Митрополит Сергий назвал войну «очистительной грозой». Очистительной! И ведь он был прав. Русскому народу в самом деле пришлось очищаться от богоборчества и прочих соблазнов, которых он нахлебался в предшествующие десятилетия. Пришлось неимоверными страданиями и потерями искупать то, что он натворил при попытках строительства «земного рая». 28 июня 1941 г. владыка Сергий сообщал экзарху Русской православной церкви в Америке митрополиту Вениамину: «По всей стране служатся молебны… Большой религиозный и патриотический подъем». И сам владыка молился в Москве «о даровании победы русскому воинству» – молился при огромном стечении народа.

Да и как было не обратиться к Господу матерям солдат, которых в это время перемалывали вражеские танки? Как было не обратиться женам или детям людей, уходивших в армию? Как было не обратиться к Нему самим солдатам? Протоиерей Георгий Поляков (участвовавший в боевых действиях в Чечне) пишет: «Кто побывал в смертельном бою и хоть краем глаза видел смерть, знает – никто не умирает атеистом. Когда дыхание смерти почувствуешь рядом, почувствуешь ее прикосновение и неминуемость прощания с жизнью… порой самые рьяные атеисты обращались к Богу» [102]. До нас дошли кадры старой кинохроники, фотографии, показывающие переполненные храмы. И среди прихожан – много военных. Солдаты, командиры молятся не таясь, открыто.

Церковь благословляла «предстоящий всенародный подвиг». Но и советское правительство призывало к всенародному подвигу. В общем-то, поворот страны из революционного в патриотическое русло уже начинался перед войной, с 1935–1937 гг. Была восстановлена историческая преемственность с царской Россией, возрождалась национальная культура. На библиотечные полки и в школьные учебники вернулись «изгнанные» классики русской литературы. Стали сниматься фильмы о святом Александре Невском, Минине и Пожарском, Петре I. Были отменены марксистские установки об отмирании семьи, запрещены аборты. Сталин реабилитировал казачество, заново расцветали донские и кубанские станицы. В Красной армии появились казачьи полки и дивизии. В войска вернулись упраздненные офицерские звания. Наконец, как уже упоминалось, стали сворачиваться гонения на церковь и духовенство.

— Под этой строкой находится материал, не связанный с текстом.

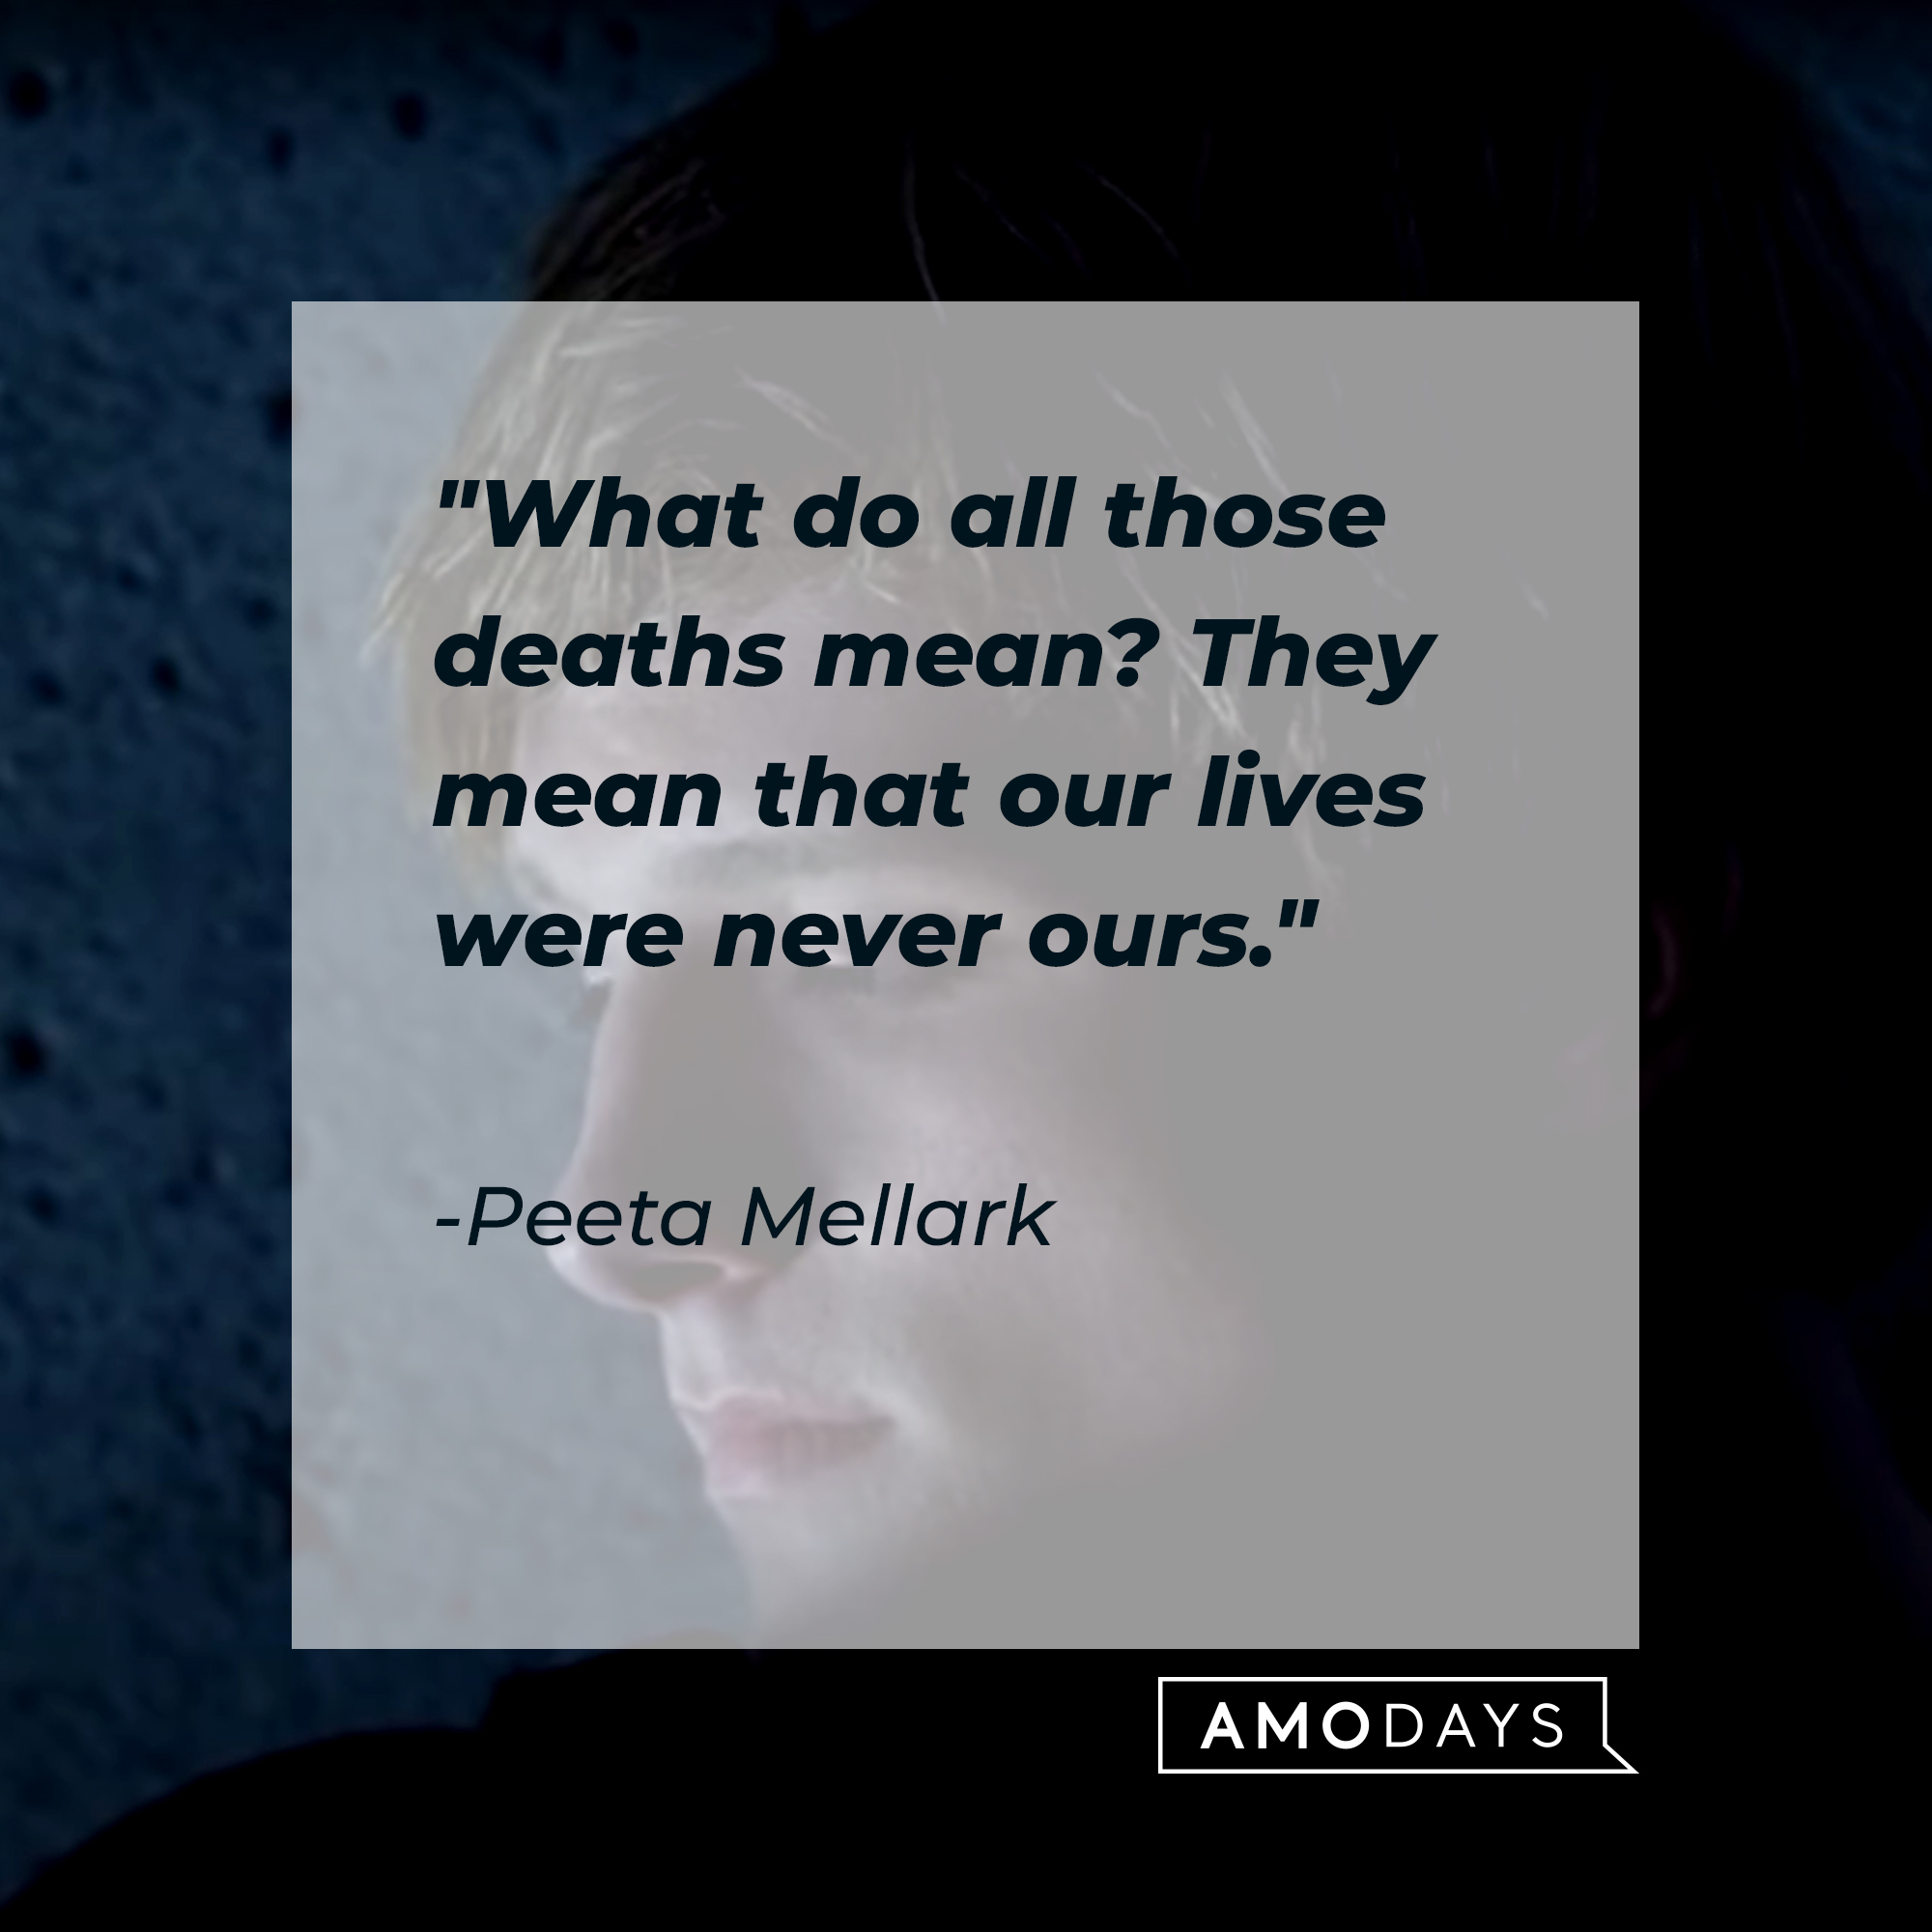 Peeta Mellark, with his quote: "What do all those deaths mean? They mean that our lives were never ours." | Source: Youtube.com/TheHungerGamesMovies
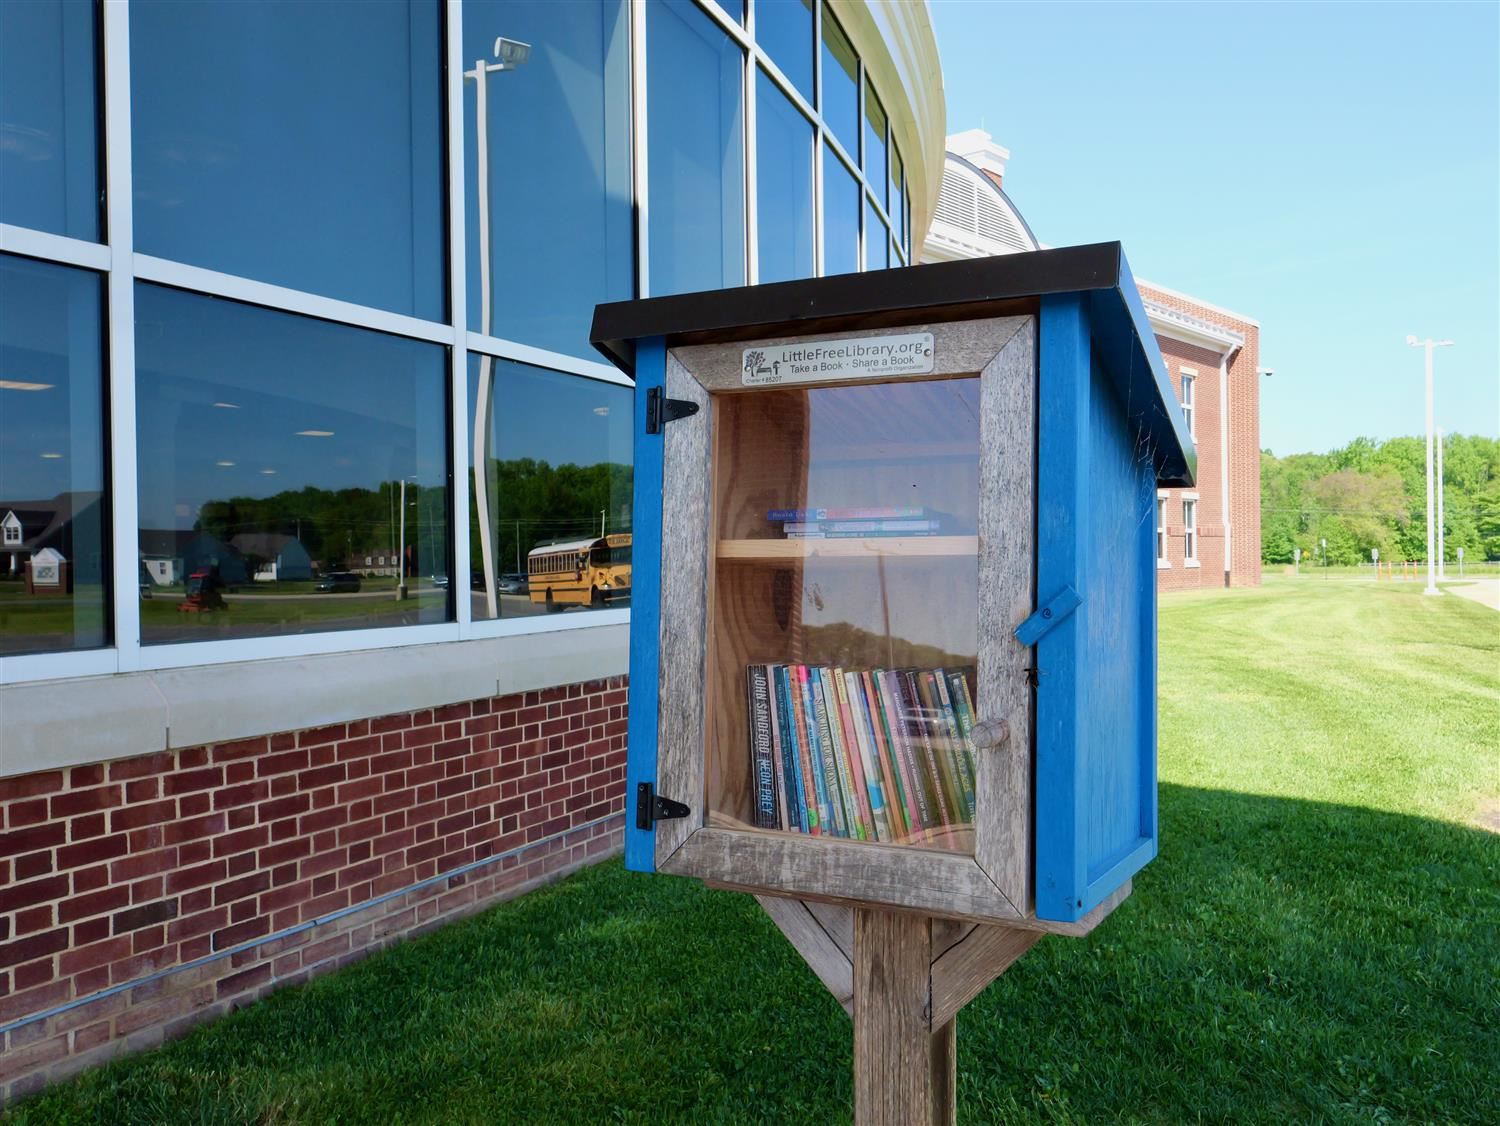 CIS Little Free Library

Хотя эти меры осуществлялись с большим запозданием. На оплевывании собственного Отечества, на атеизме выросло целое поколение советской молодежи. Именно это поколение попало под первый удар. Погибало, сдавалось, вымирало в плену. Или предавало, чтобы выжить. А Сталин теперь еще более решительно переводил Советскую Россию в патриотическую систему координат. Саму войну он назвал Великой Отечественной. Над страной зазвучала песня, совсем не похожая на бравурные мотивчики предвоенных лет: «Идет война народная, священная война…».

В сражениях сорок первого возродилась русская гвардия. До революции под гвардией подразумевались особые войска, несшие службу при дворе государя, – солдат в эти части отбирали по росту, внешнему виду. Сталин предложил присваивать звания гвардейских уже существующим частям, отличившимся в боях. Первыми отметили участников освобождения Ельни. Полкам и дивизиям, проявившим себя в этом контрнаступлении, вручили гвардейские знамена, они получили новые номера. При прочих равных условиях гвардейские звания считались выше общеармейских. Гвардейцам полагались более высокие денежные оклады.

Наметились очередные сдвиги и в духовных вопросах. В сентябре 1941 г. Сталин разогнал Союз воинствующих безбожников, закрыл антирелигиозные журналы. А в Ленинграде в самый напряженный момент германского наступления к прилетевшему новому командующему, Жукову, обращались многие должностные лица – директора заводов, морское и городское начальство. Обратился и митрополит Ленинградский и Новгородский Алексий (Симанский). Попросил разрешения устроить вокруг города крестный ход с чудотворной Казанской иконой Божьей Матери. Жуков разрешил [31]. Крестный ход не афишировали, проводили ночью – врагов не привлекать, но и своих не «смущать». Но ведь в это же время немцы переменили планы, атаки приостановились!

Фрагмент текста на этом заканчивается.